WHAT TO WORK ON
Take the data below and extract the lines from the one with "Pilgrim Speakeasy debut" to the one with "Moda rosa topos", inclusive, exactly as written.

DATA PROVIDED
---
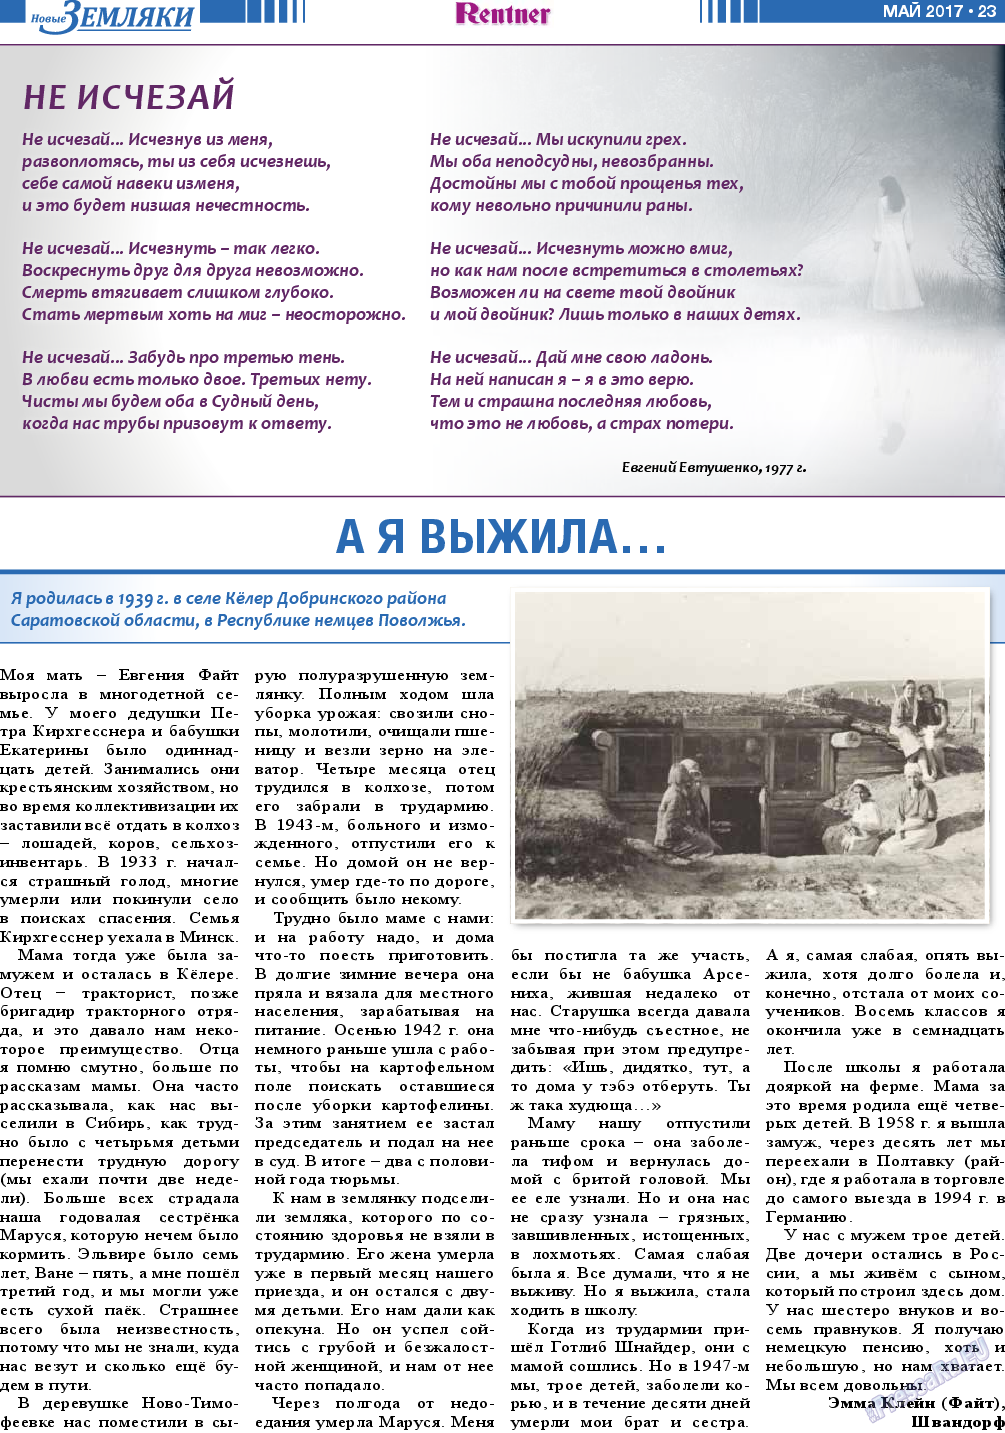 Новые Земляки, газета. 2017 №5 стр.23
---
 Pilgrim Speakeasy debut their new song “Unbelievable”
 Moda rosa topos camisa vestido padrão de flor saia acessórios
---
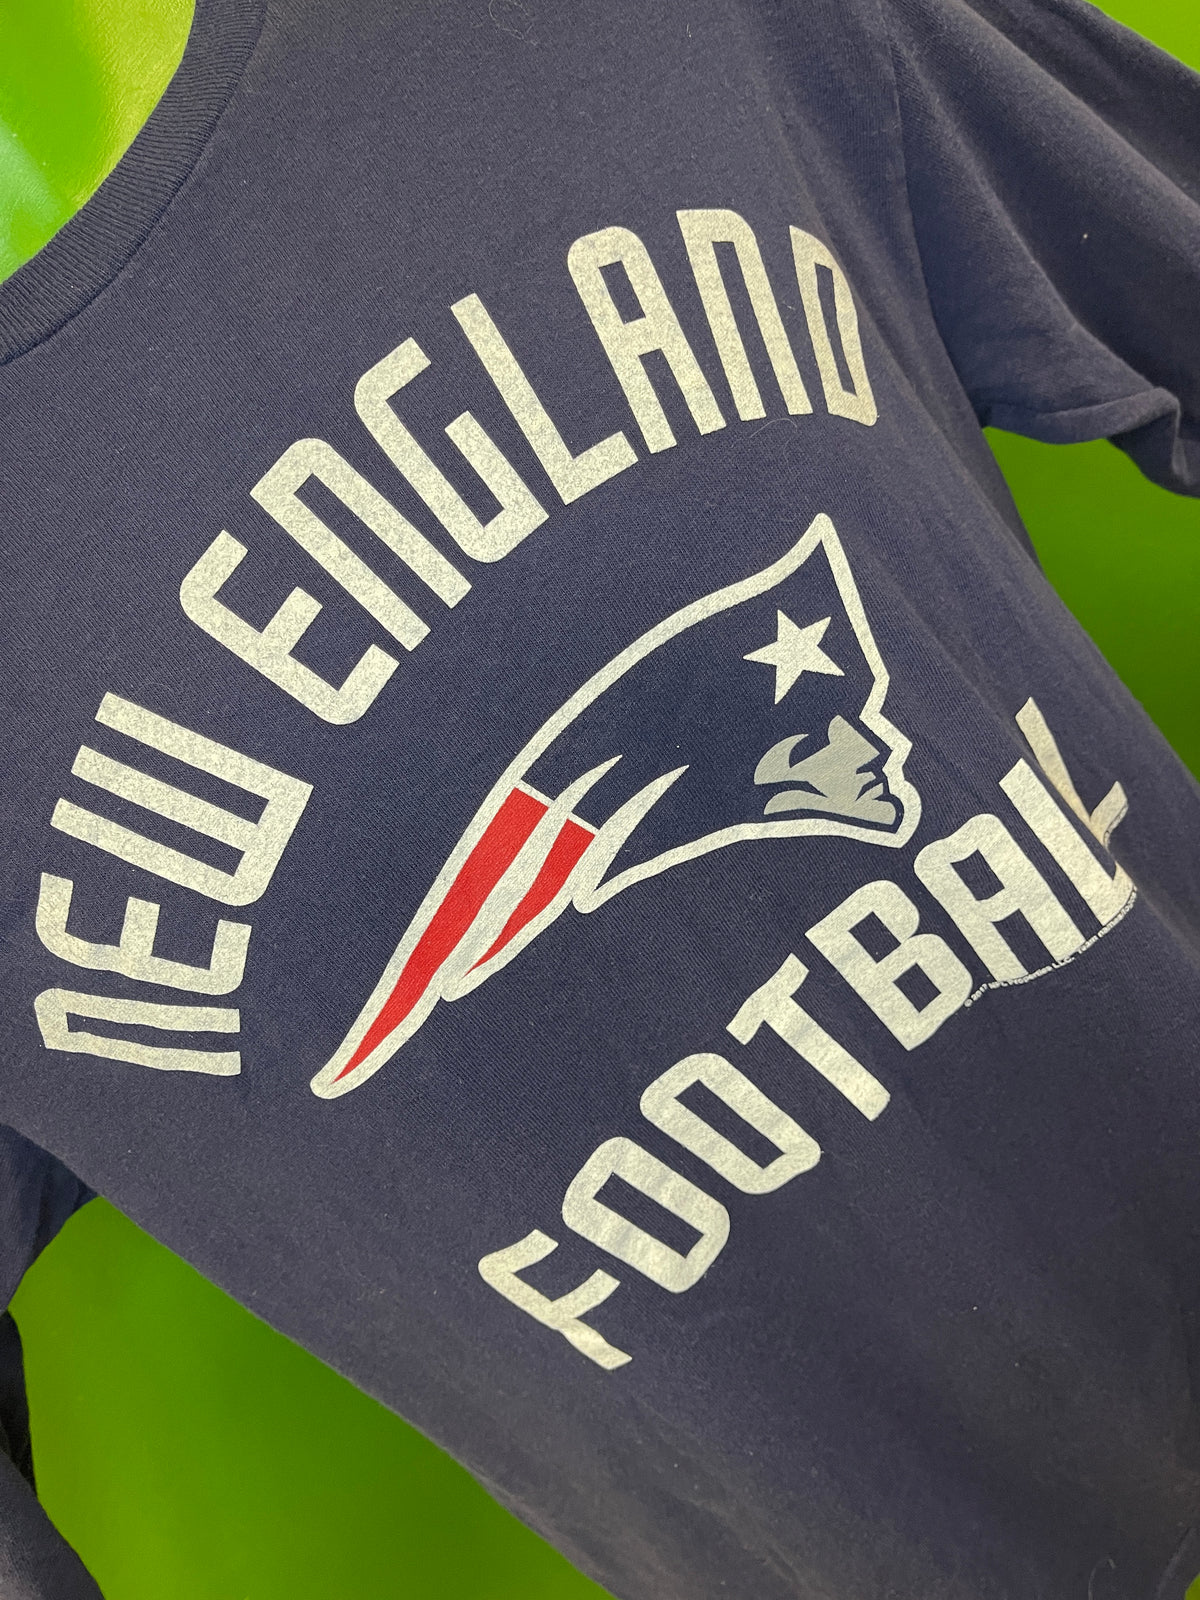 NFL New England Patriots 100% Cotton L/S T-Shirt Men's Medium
---
RESULT BELOW
 Pilgrim Speakeasy debut their new song “Unbelievable”
 Moda rosa topos camisa vestido padrão de flor saia acessórios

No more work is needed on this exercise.